**INFORMATION PROVIDED**

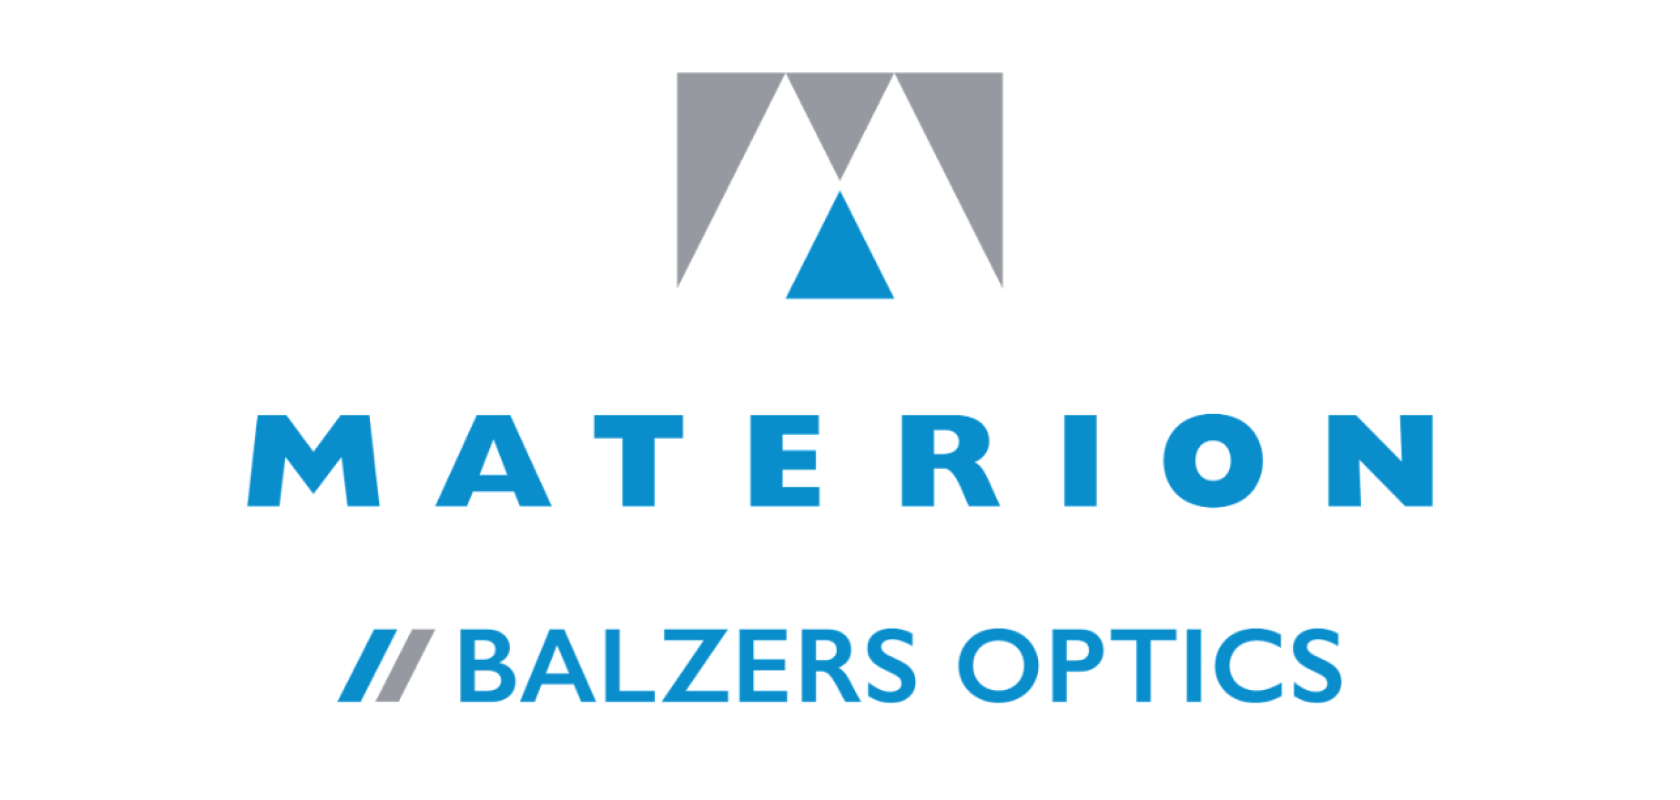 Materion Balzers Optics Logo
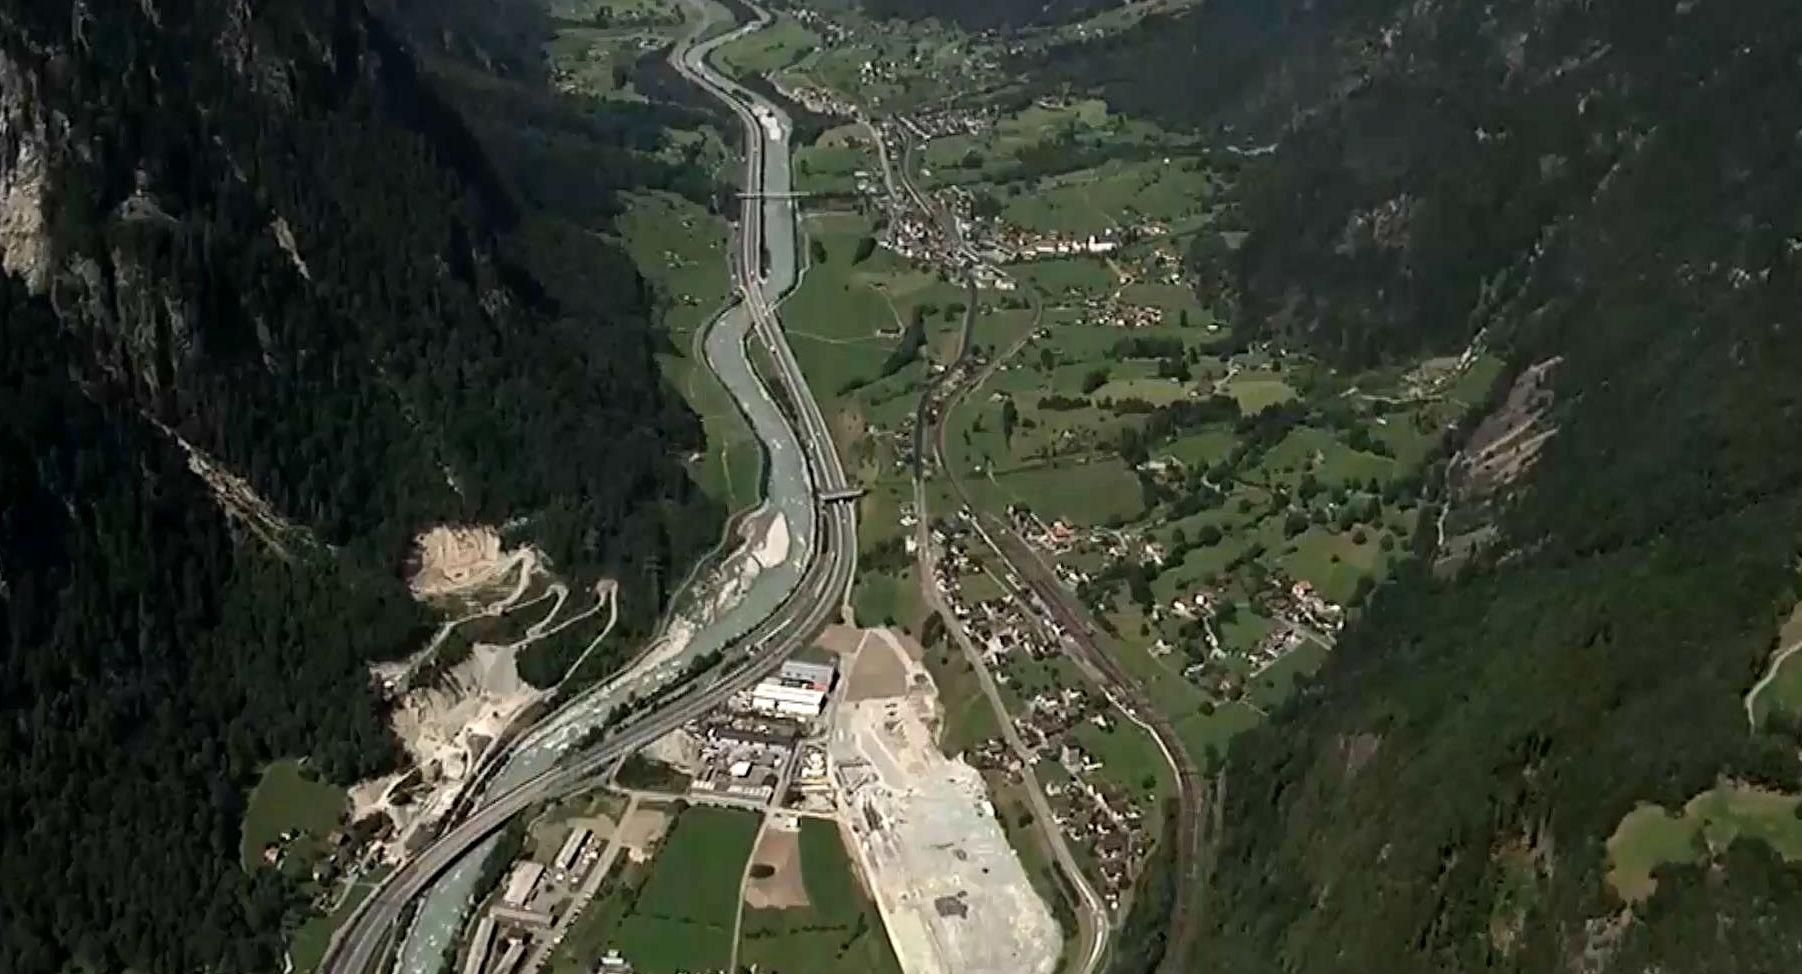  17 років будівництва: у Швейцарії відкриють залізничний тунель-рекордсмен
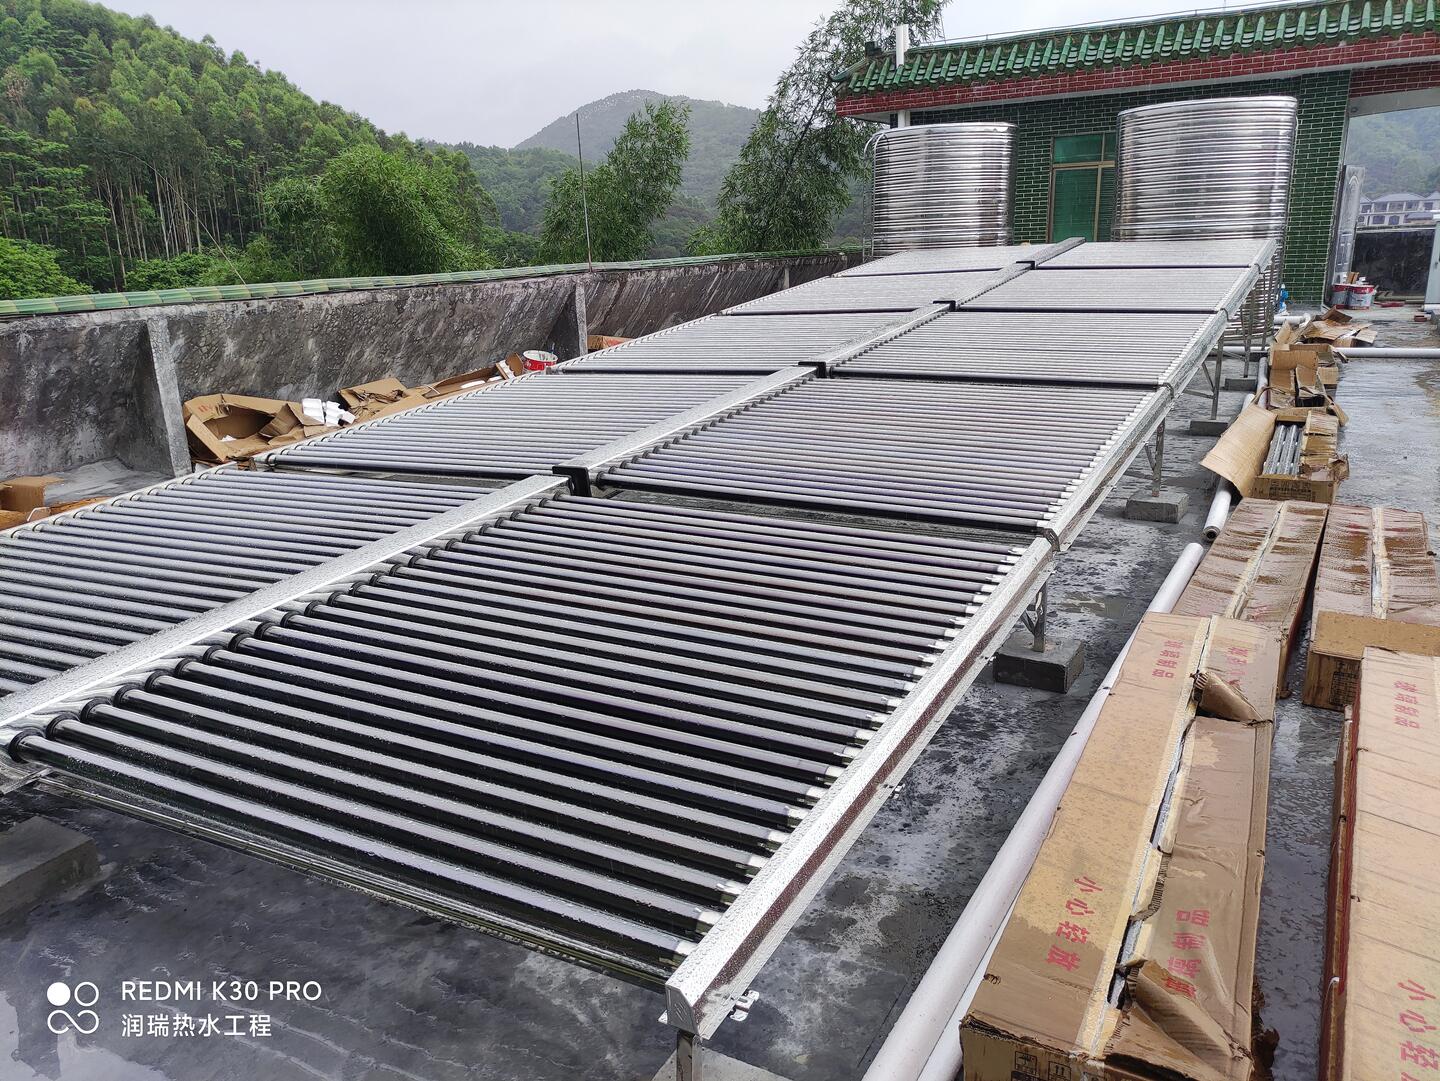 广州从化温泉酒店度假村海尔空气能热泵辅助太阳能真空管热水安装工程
--
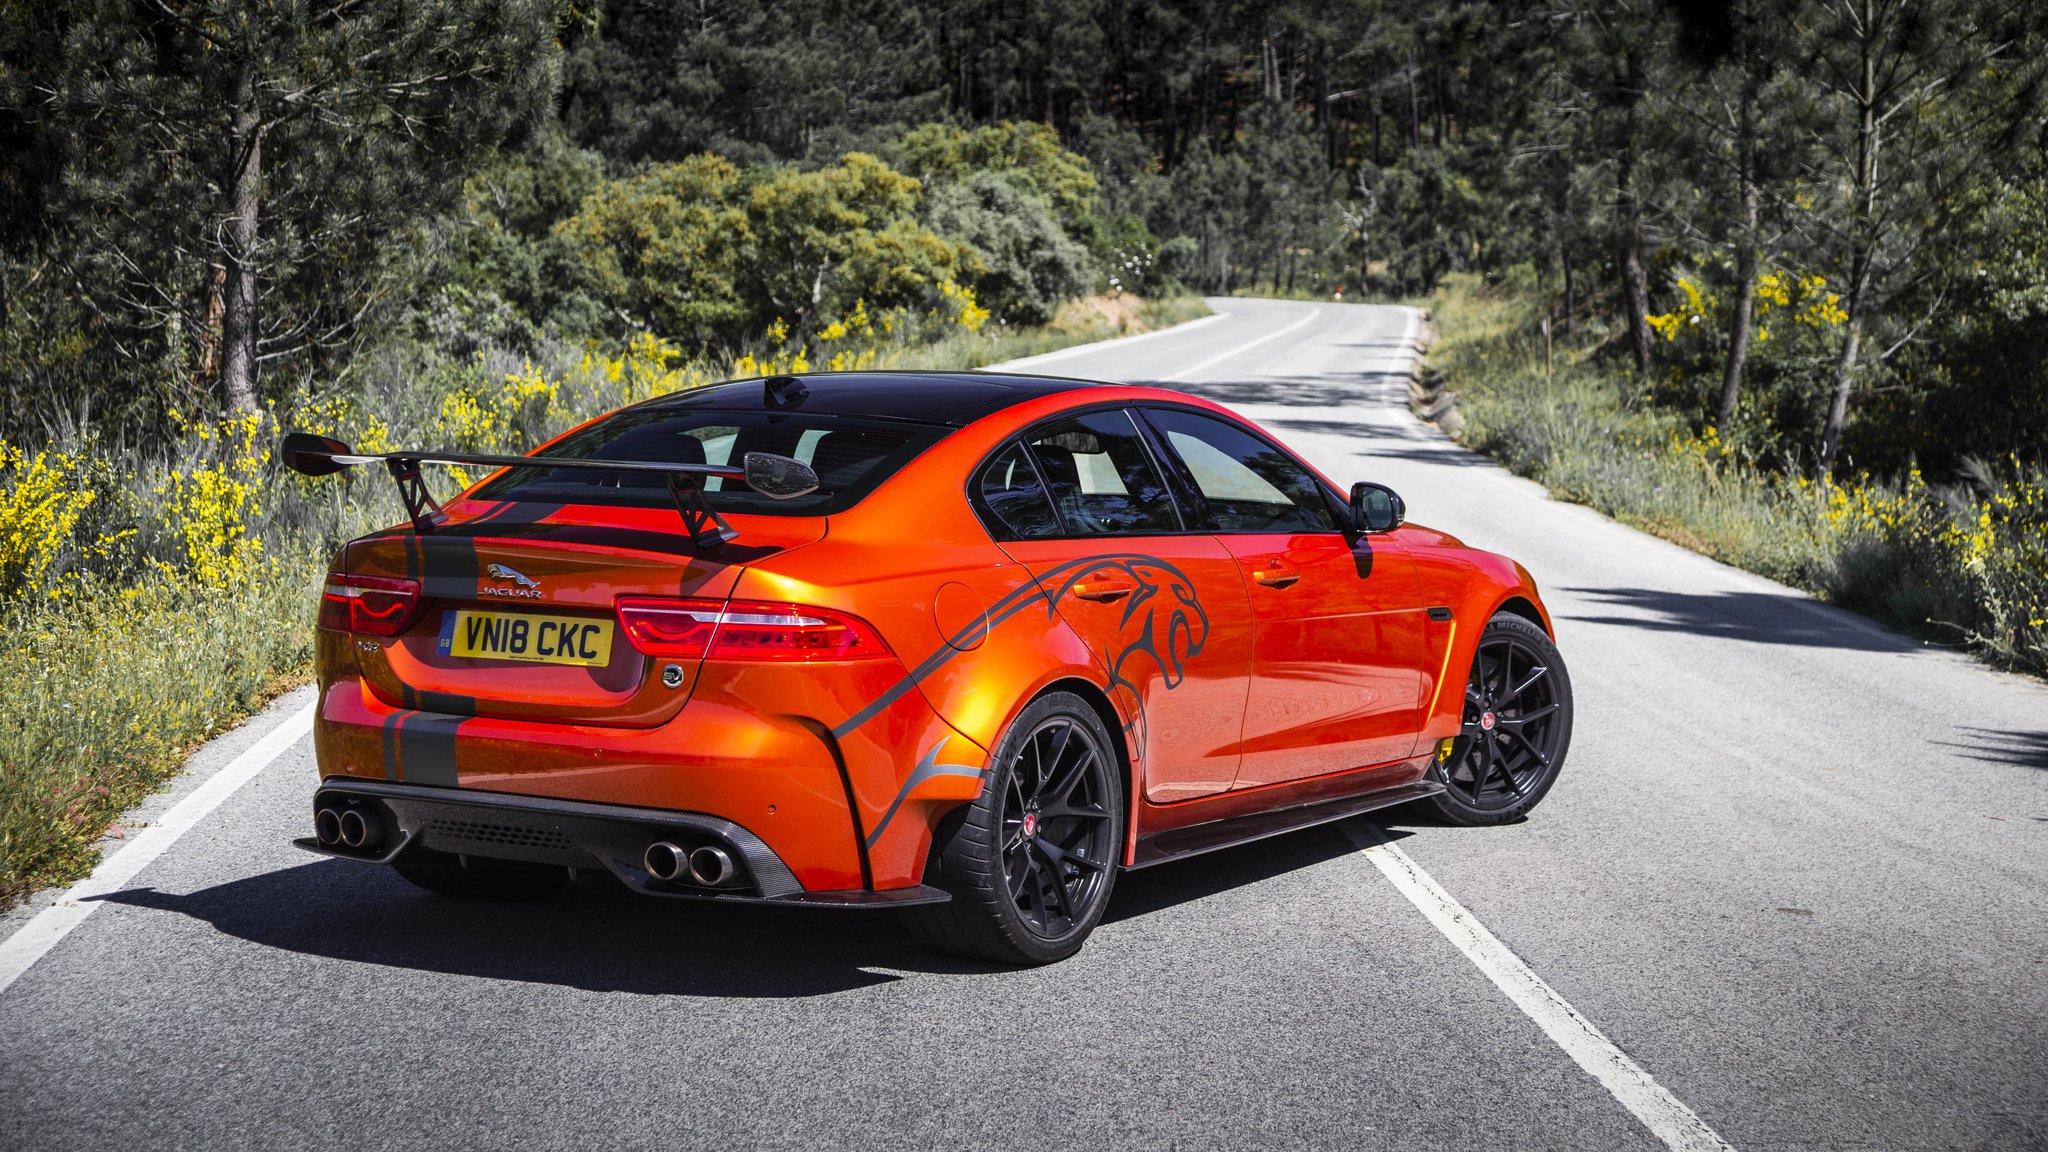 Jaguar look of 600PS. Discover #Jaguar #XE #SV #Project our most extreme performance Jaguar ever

**PROBLEM**
Reproduce the listing above only between the lines holding "Materion Balzers Optics Logo" and "广州从化温泉酒店度假村海尔空气能热泵辅助太阳能真空管热水安装工程", inclusive. Every line must match exactly, and pictures are dropped.

**WORKED SOLUTION**
 Materion Balzers Optics Logo
  17 років будівництва: у Швейцарії відкриють залізничний тунель-рекордсмен
 广州从化温泉酒店度假村海尔空气能热泵辅助太阳能真空管热水安装工程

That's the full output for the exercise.